AIM OF THE EXERCISE → Without the pictures, output the lines of the material from the very first through the one that holds "Note from Ambassador".

DATA LISTING →

· · · · ·

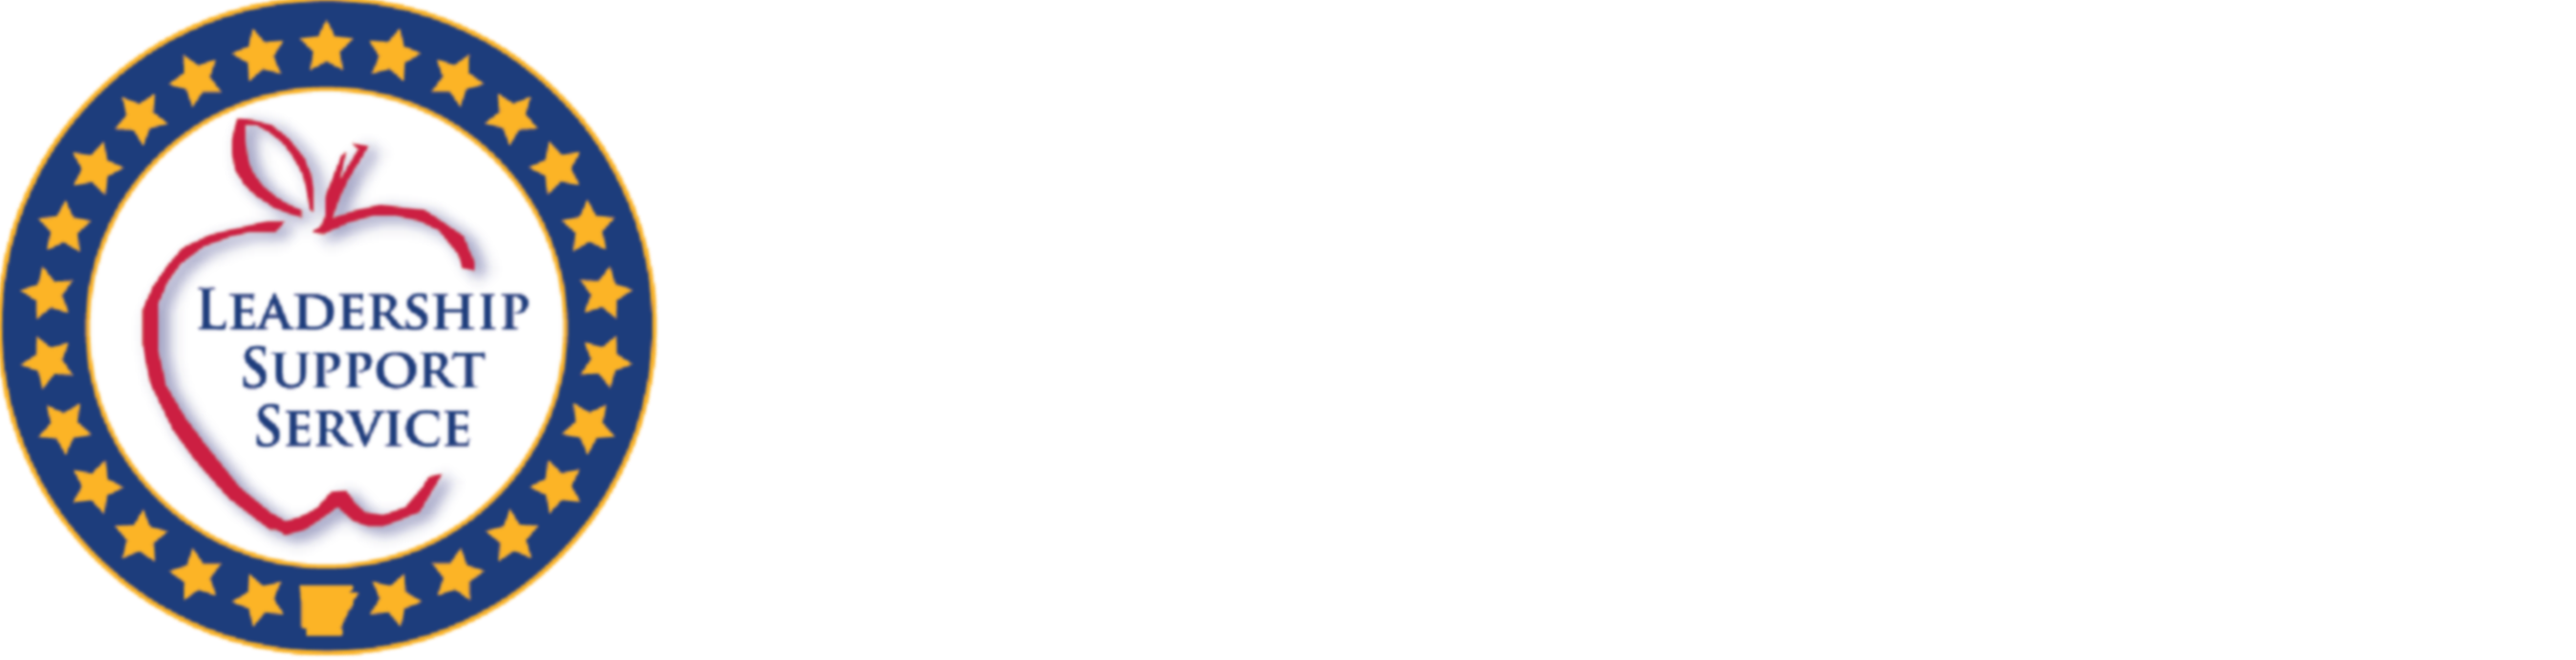 State Required Information Link
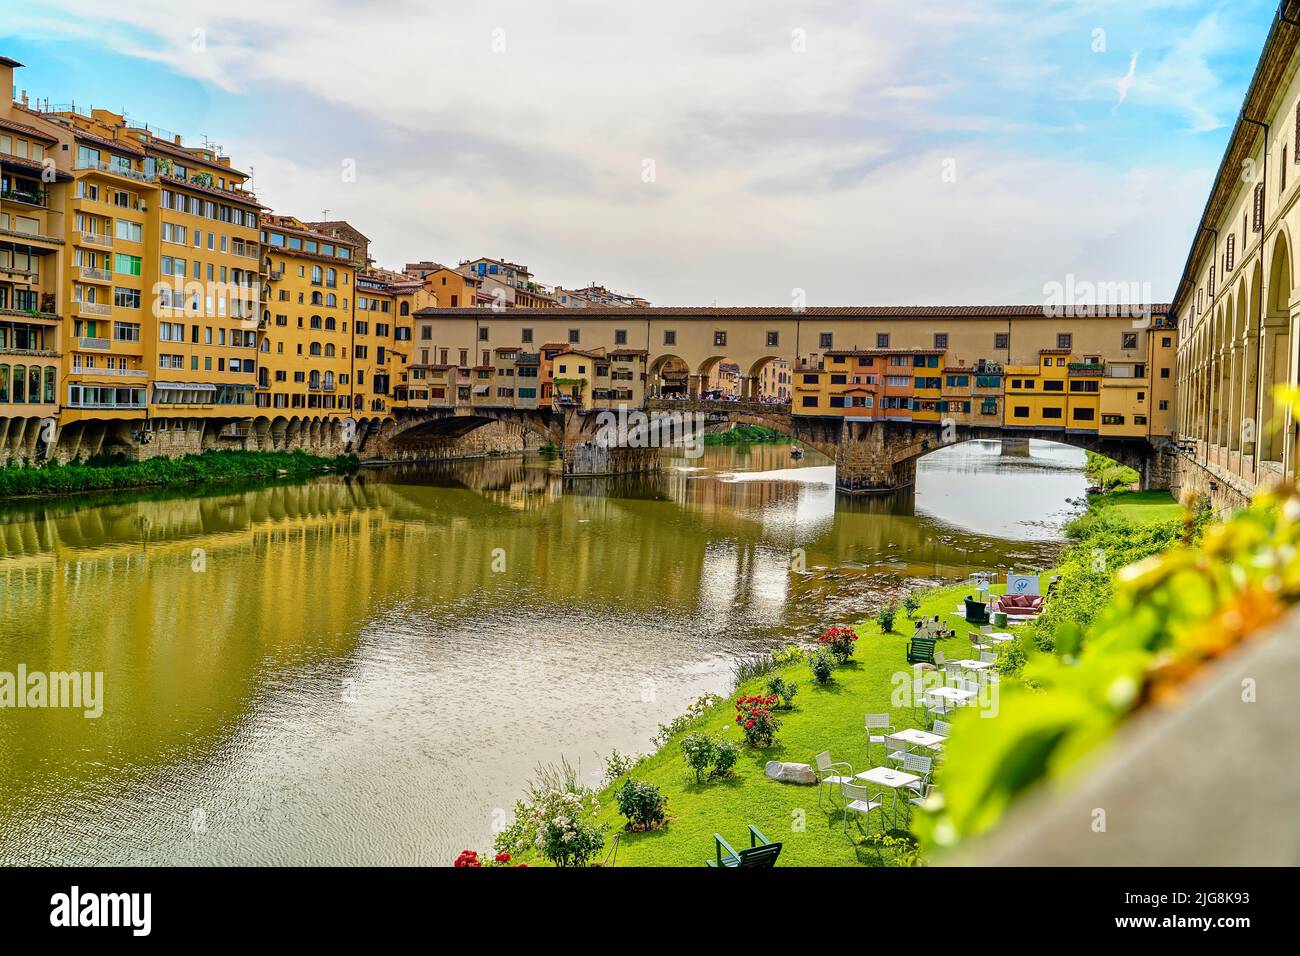 A beautiful view of Ponte Vecchio closed-spandrel arch bridge in Florence, Italy Stock Photo
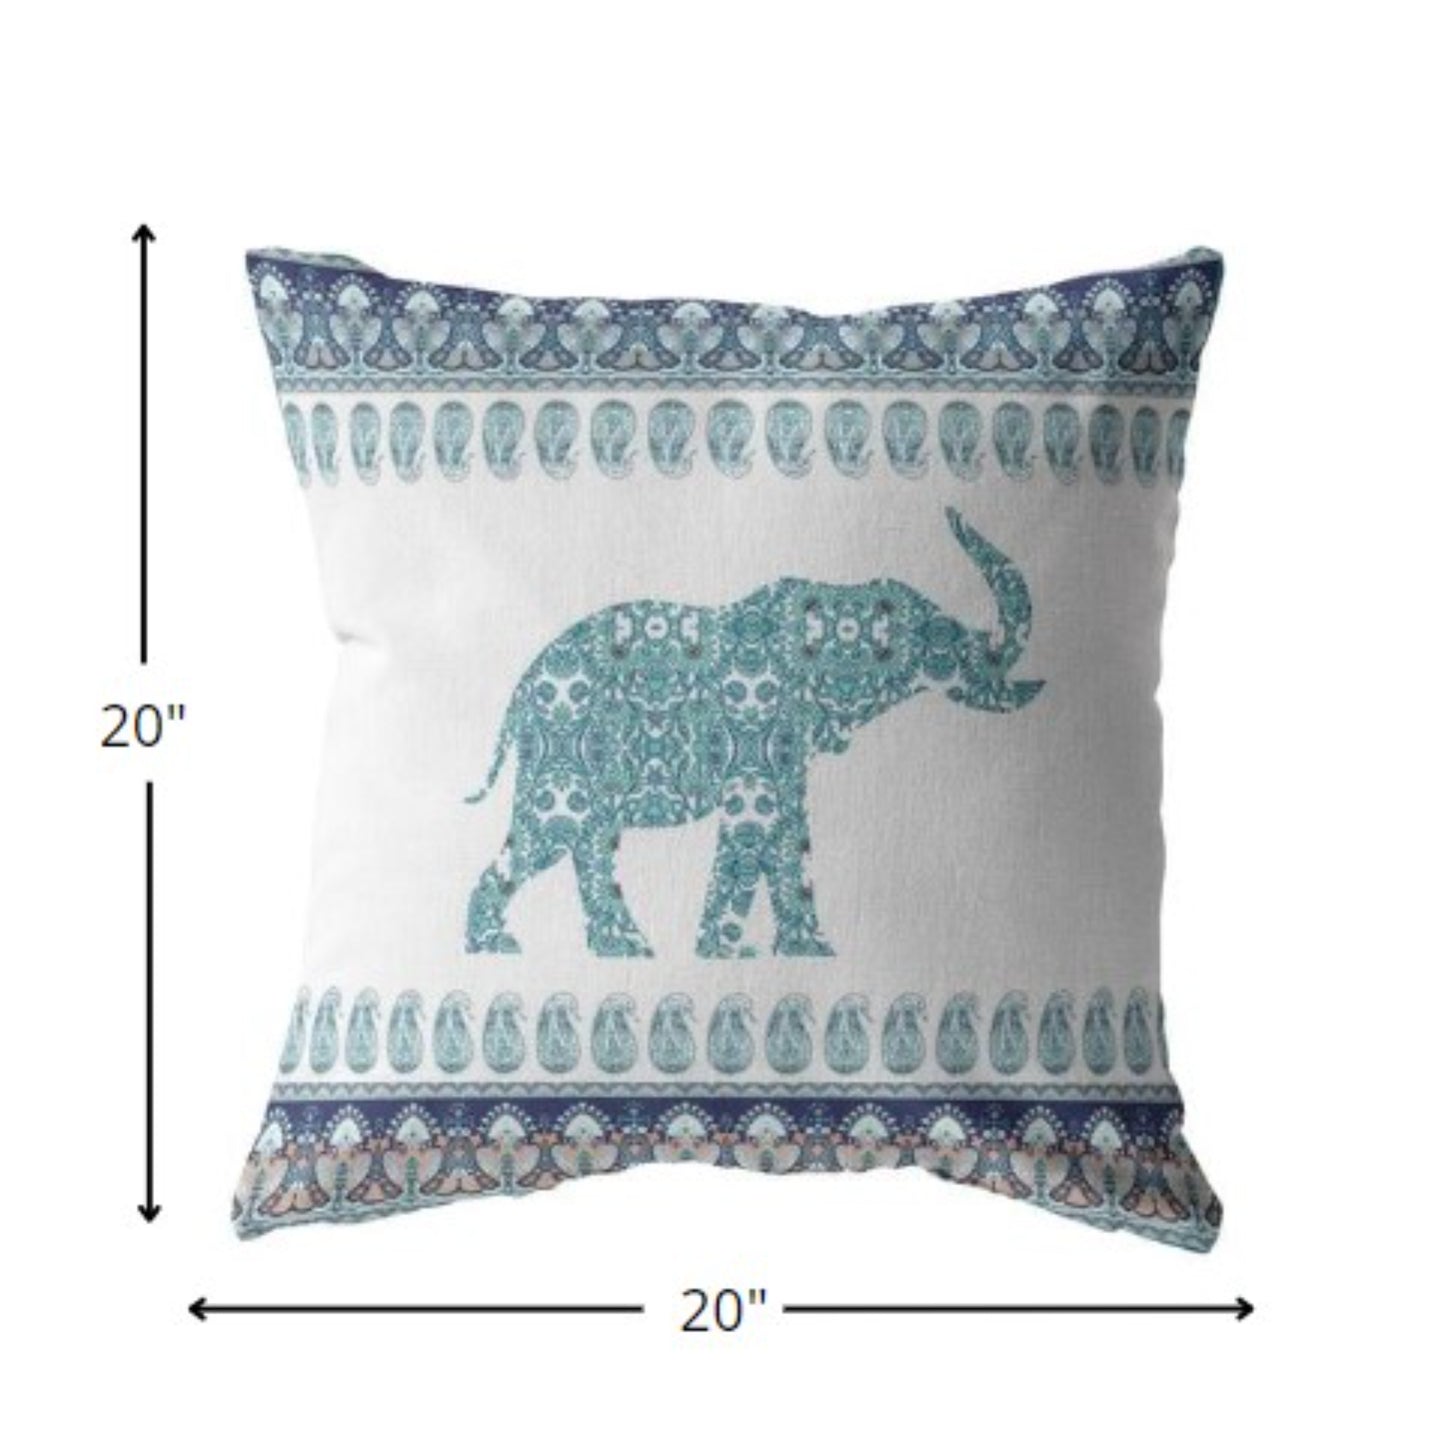 18” Teal Ornate Elephant Suede Throw Pillow
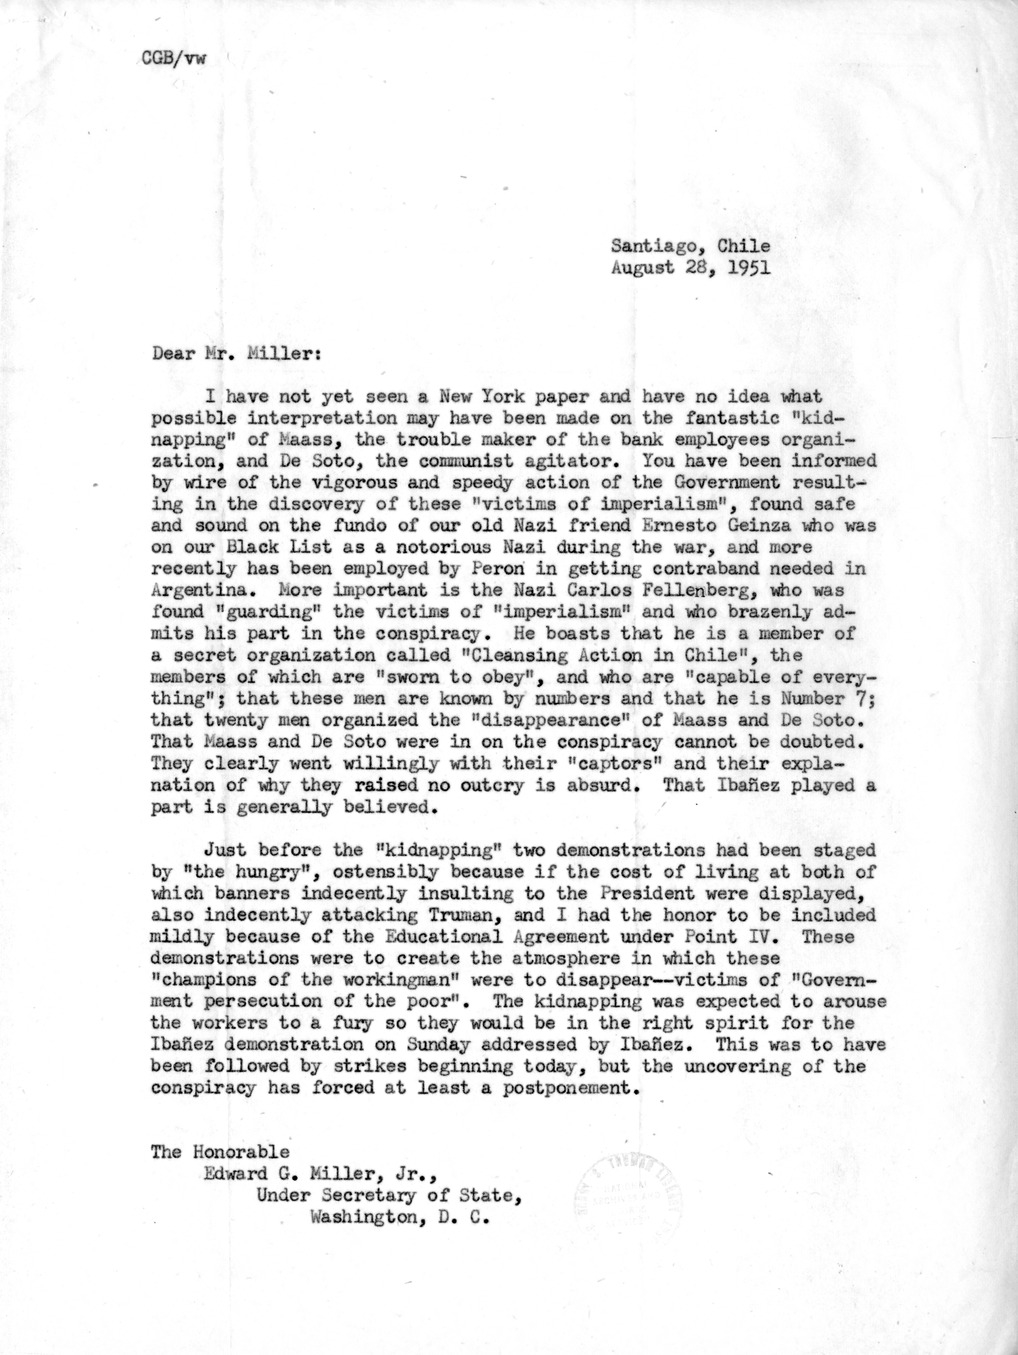 Note from Ambassador Claude Bowers to President Harry S. Truman, with Attachment
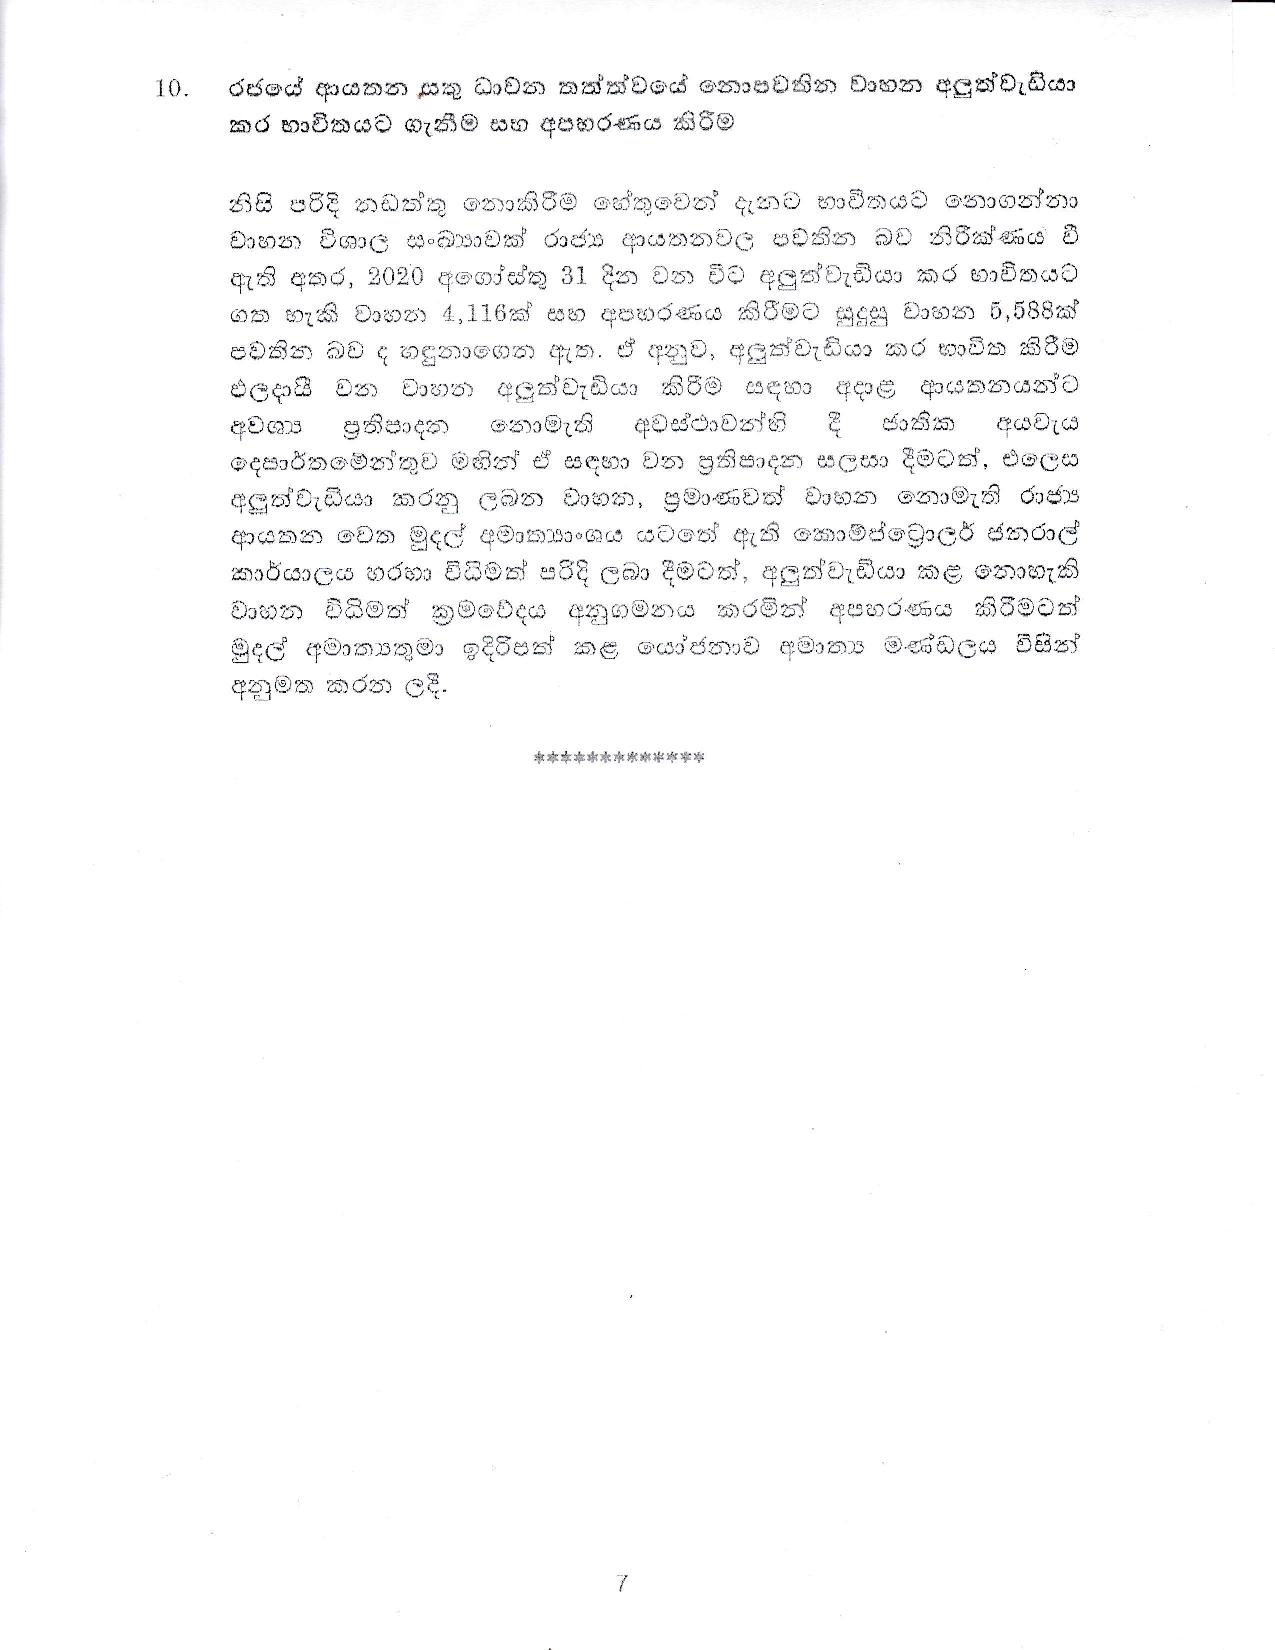 Cabinet decision on 02.09.2020 page 007

· · · · ·

ANSWER BELOW →
 State Required Information Link
 A beautiful view of Ponte Vecchio closed-spandrel arch bridge in Florence, Italy Stock Photo
 18” Teal Ornate Elephant Suede Throw Pillow
 Note from Ambassador Claude Bowers to President Harry S. Truman, with Attachment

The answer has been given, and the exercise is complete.